Tuesday, May 17, 2011

The Power of Agreement

Amos 3:3 3Can two walk together, except they be agreed?

If you are going to offer a sacrifice to God then all areas of your life has to be in agreement with God.

Gen 34:1-7
1And Dinah the daughter of Leah, which she bare unto Jacob, went out to see the daughters of the land.
 2And when Shechem the son of Hamor the Hivite, prince of the country, saw her, he took her, and lay with her, and defiled her.
 3And his soul clave unto Dinah the daughter of Jacob, and he loved the damsel, and spake kindly unto the damsel.
 4And Shechem spake unto his father Hamor, saying, Get me this damsel to wife.
 5And Jacob heard that he had defiled Dinah his daughter: now his sons were with his cattle in the field: and Jacob held his peace until they were come.
 6And Hamor the father of Shechem went out unto Jacob to commune with him.
 7And the sons of Jacob came out of the field when they heard it: and the men were grieved, and they were very wroth, because he had wrought folly in Israel in lying with Jacob's daughter: which thing ought not to be done.

When you lay down with someone you are married to that person. There is something in you that won't let go. We have to understand the spiritual consequences when we have sex outside of marriage. God will send you your spouse. Be careful about talking about your ex. Stop comparing your ex with your current girl/boyfriend and spouse. If you cause damage and hurt it can take a while to heal. Wives should affirm their husbands. Men should speak to their ladies what they would like for them to wear and not tear them down.

You can't not bring your old mentality into dating. The old man has passed away (2 Cor 5:17). Look for the signs that the other person will bail out on you. If he or she will bail out on you while dating then he or she will bail out on you in the marriage. Communication is important. You can't make decisions with out consulting with your spouse. When you are in accord you will see the blessings of God. Life is better when you are in peace with the other person.

For the singles: don't sleep with the other person and then get to know them. That's the world's way of doing things. Get to know the person and do not have sex. You are interviewing when dating. You may think you are in love but you are in lust. Let your parents get to know the person you are dating. Your parents have wisdom.  Keep people out of your business especially if you are married.

2 Cor 6:14-16
14Be ye not unequally yoked together with unbelievers: for what fellowship hath righteousness with unrighteousness? and what communion hath light with darkness?
 15And what concord hath Christ with Belial? or what part hath he that believeth with an infidel?
 16And what agreement hath the temple of God with idols? for ye are the temple of the living God; as God hath said, I will dwell in them, and walk in them; and I will be their God, and they shall be my people.

Proverbs 14:1
1Every wise woman buildeth her house: but the foolish plucketh it down with her hands

Prov 25:24
24It is better to dwell in the corner of the housetop, than with a brawling woman and in a wide house.
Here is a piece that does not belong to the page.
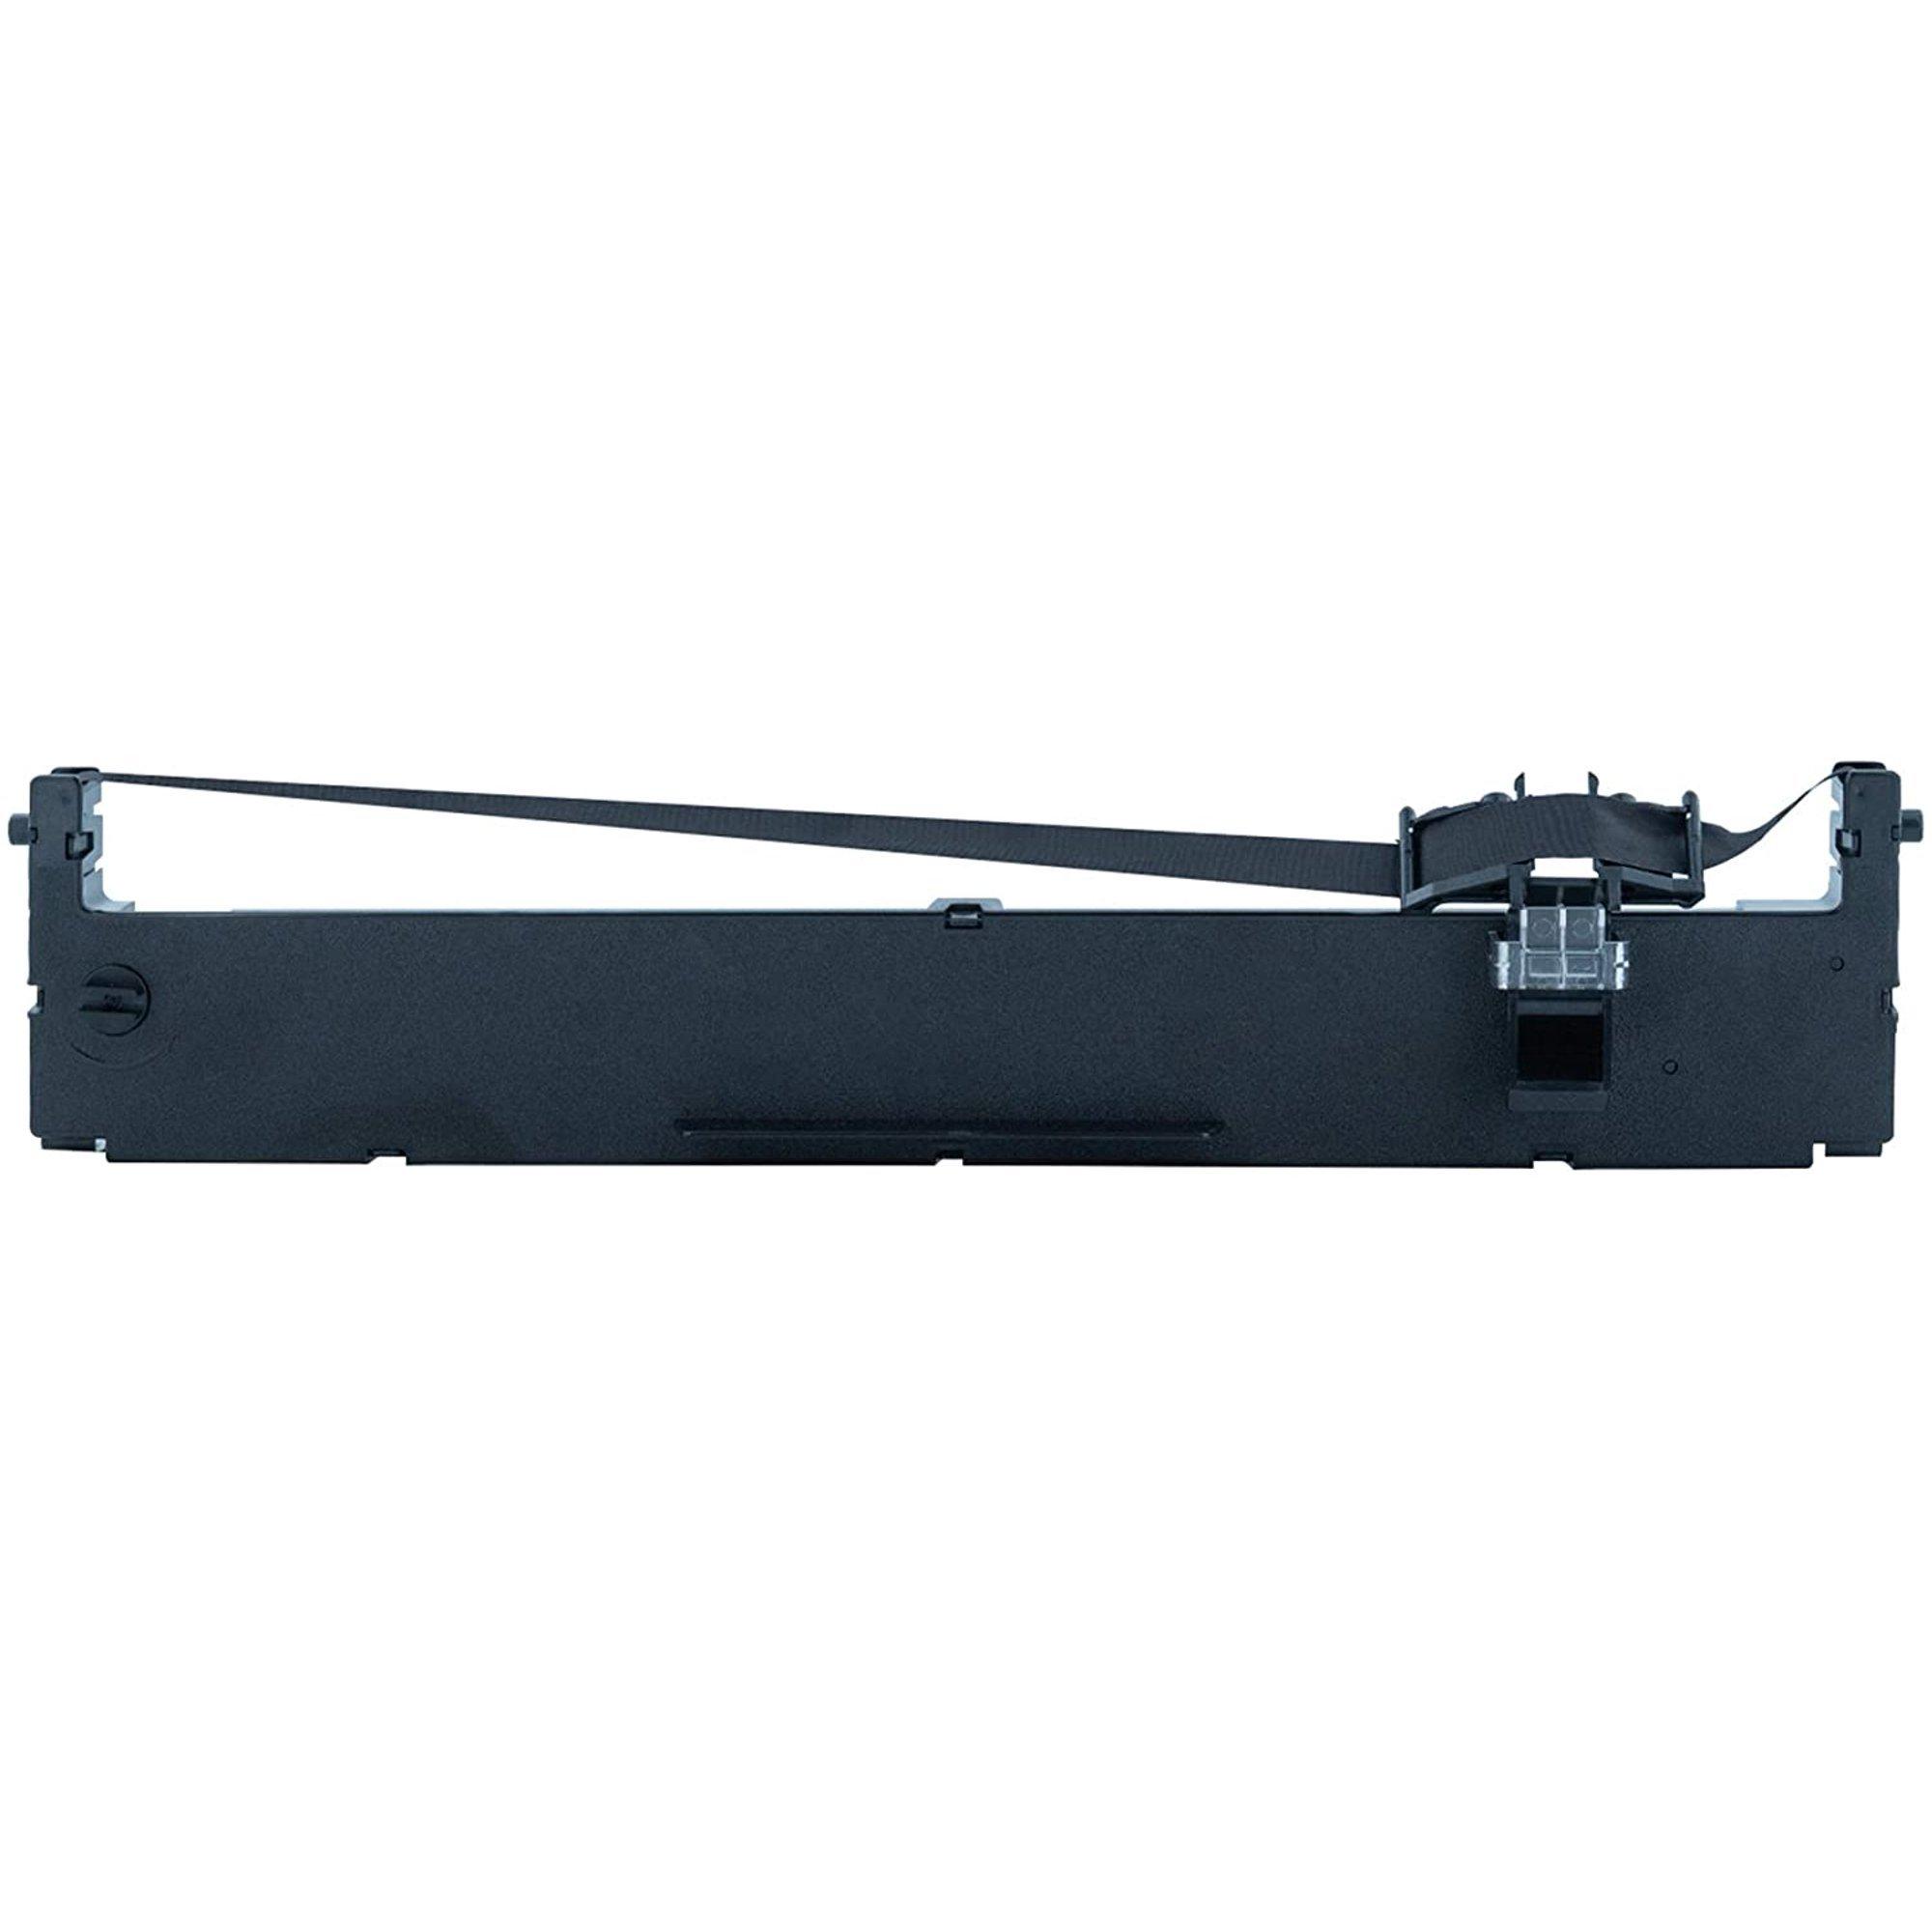 картридж для матричного принтера Star AR1000 / Star LC8021

A man needs compliments and women like details. If you want peace you have to compliment the women. Women should learn how to celebrate their men. Know what type of man you have. You may have a husband who is not a handy man but makes sure things are fixed around the house.
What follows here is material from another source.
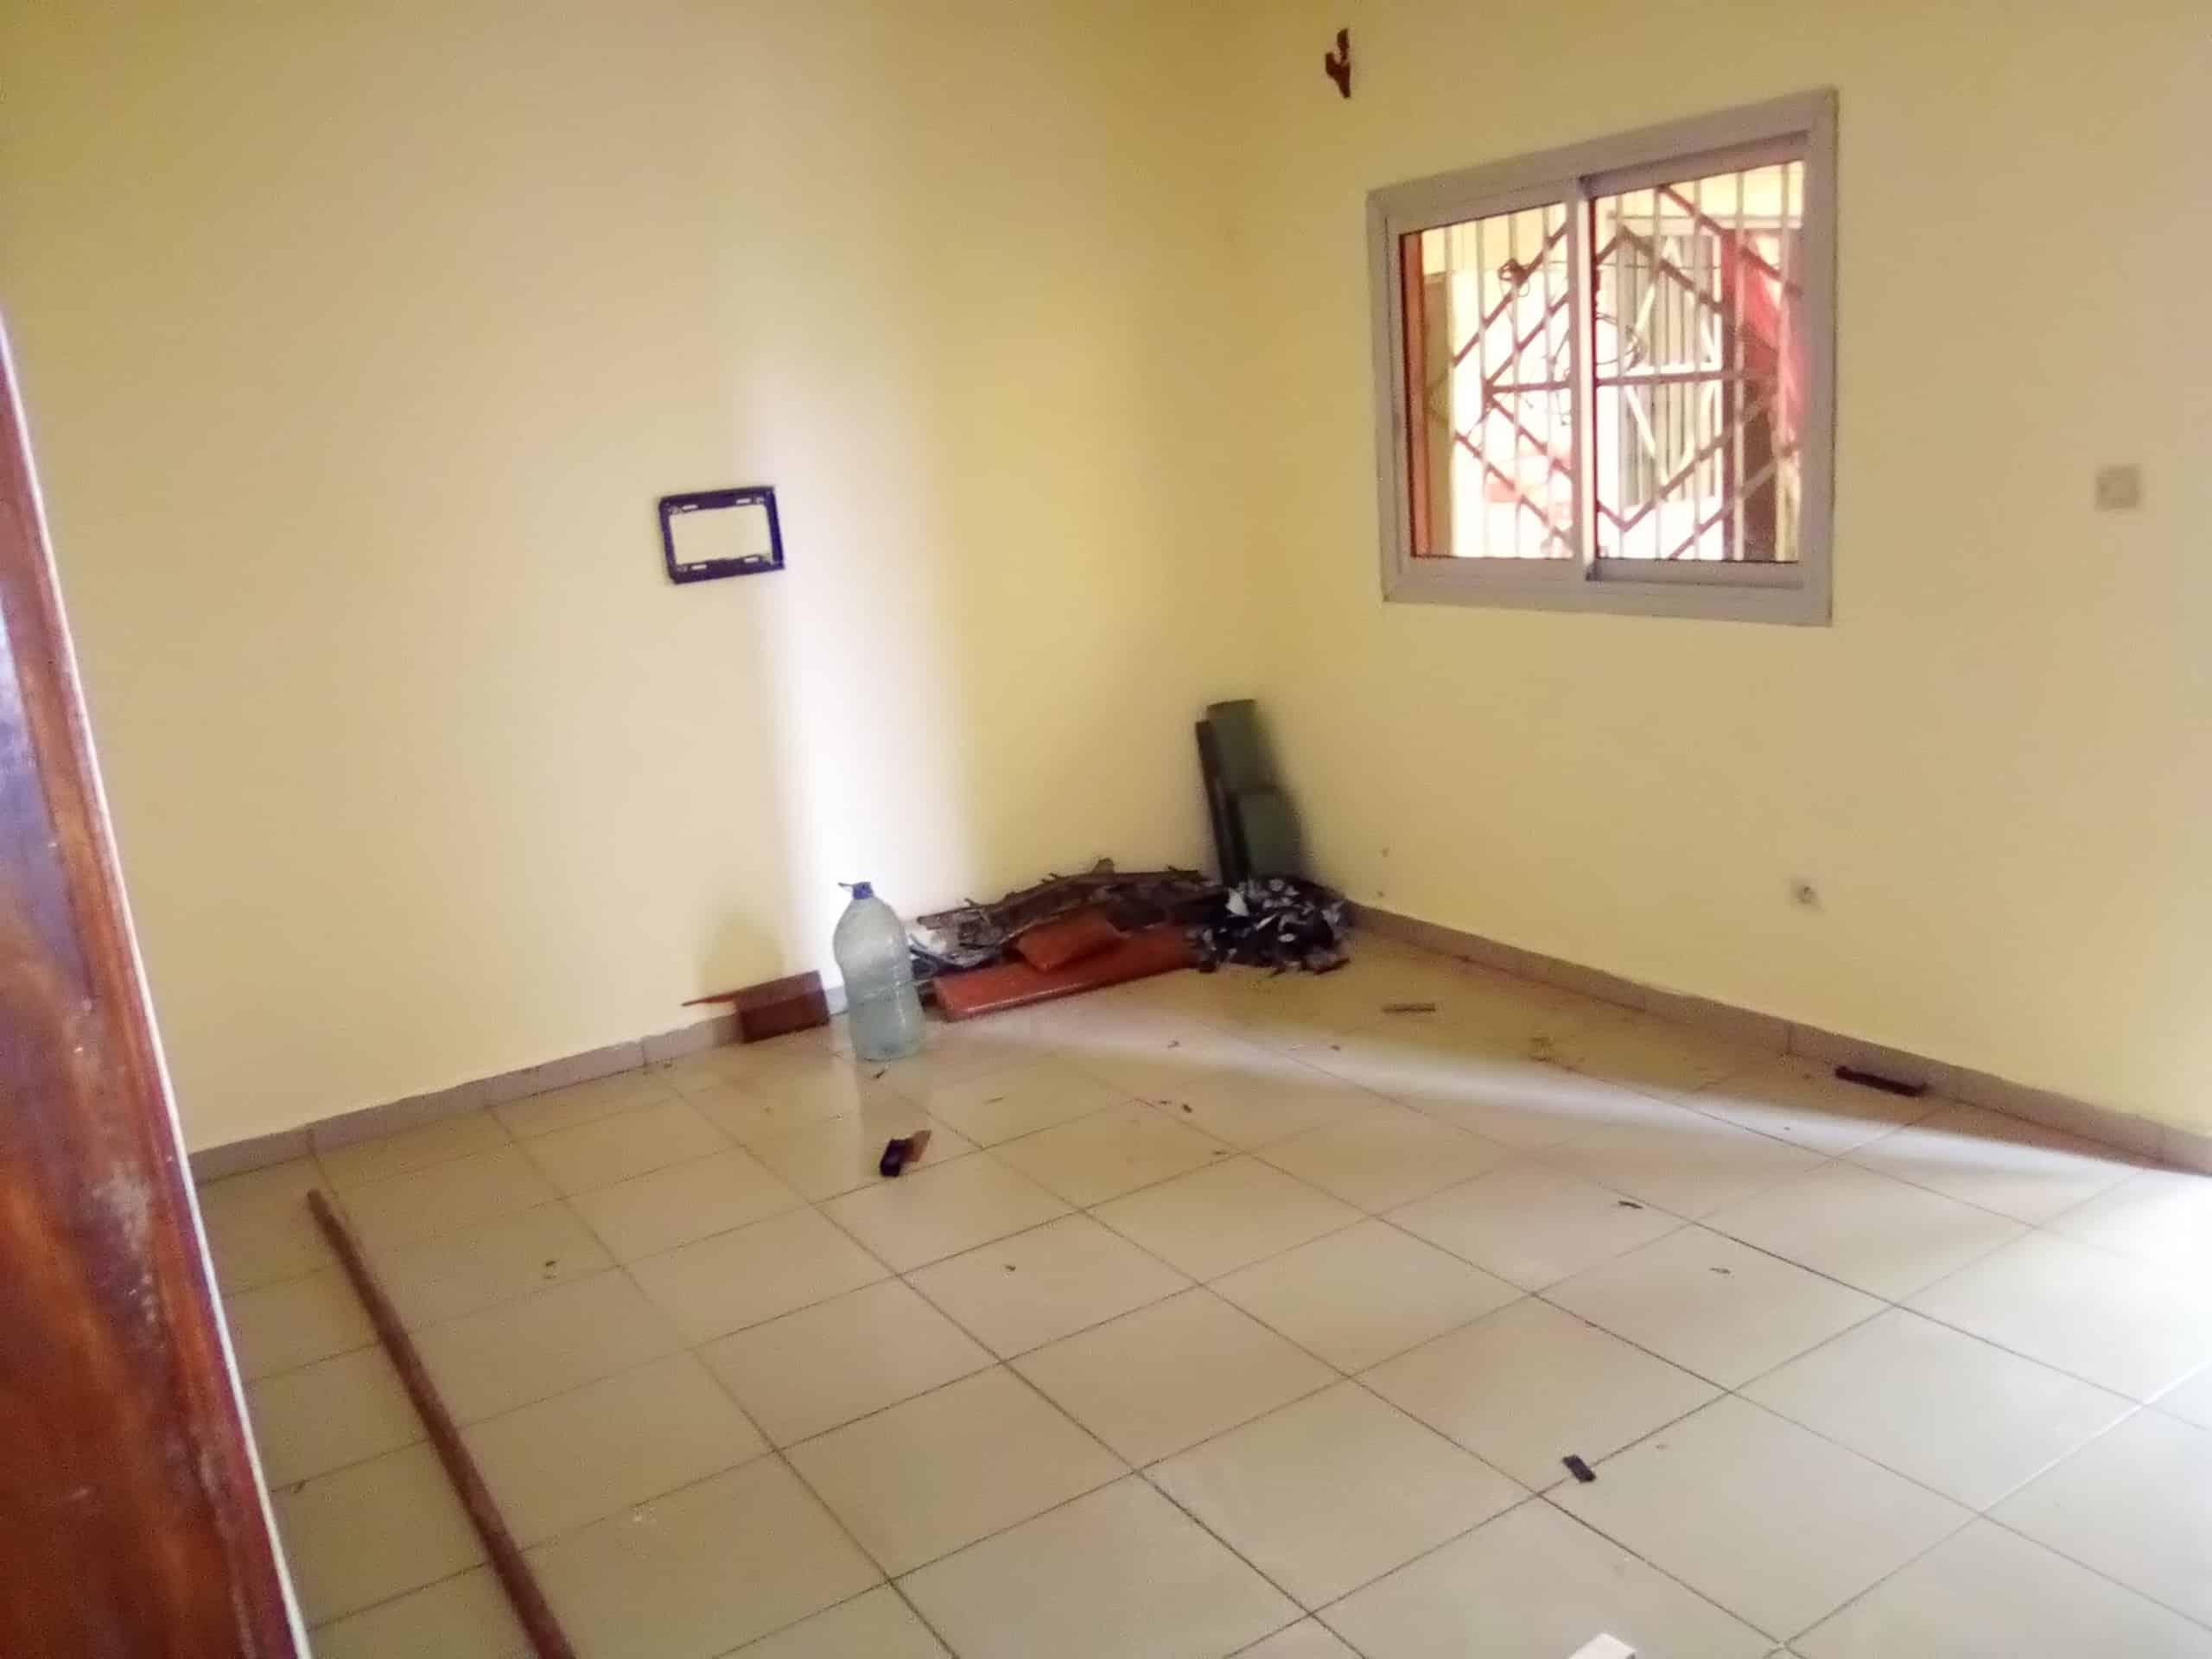 Apartment to rent - Douala, Makepe, bm - 1 living room(s), 1 bedroom(s), 1 bathroom(s) - 70 000 FCFA / month

It's important to be equally yoked but you can be unequally yoked with other Christians (i.e different denominations). If you are going to date do it for real. Stop playing games. If it's not going to be done right then it shouldn't be done at all.

For the singles try on holding on longer. Sex is not food. you can live with out it. If you've made a mistake just repent and don't do it again. You are cheating in the spirit when you lay down with another person. Practice discipline now. It helps to kill the flesh in marriage. Marriage will not help you to be faithful.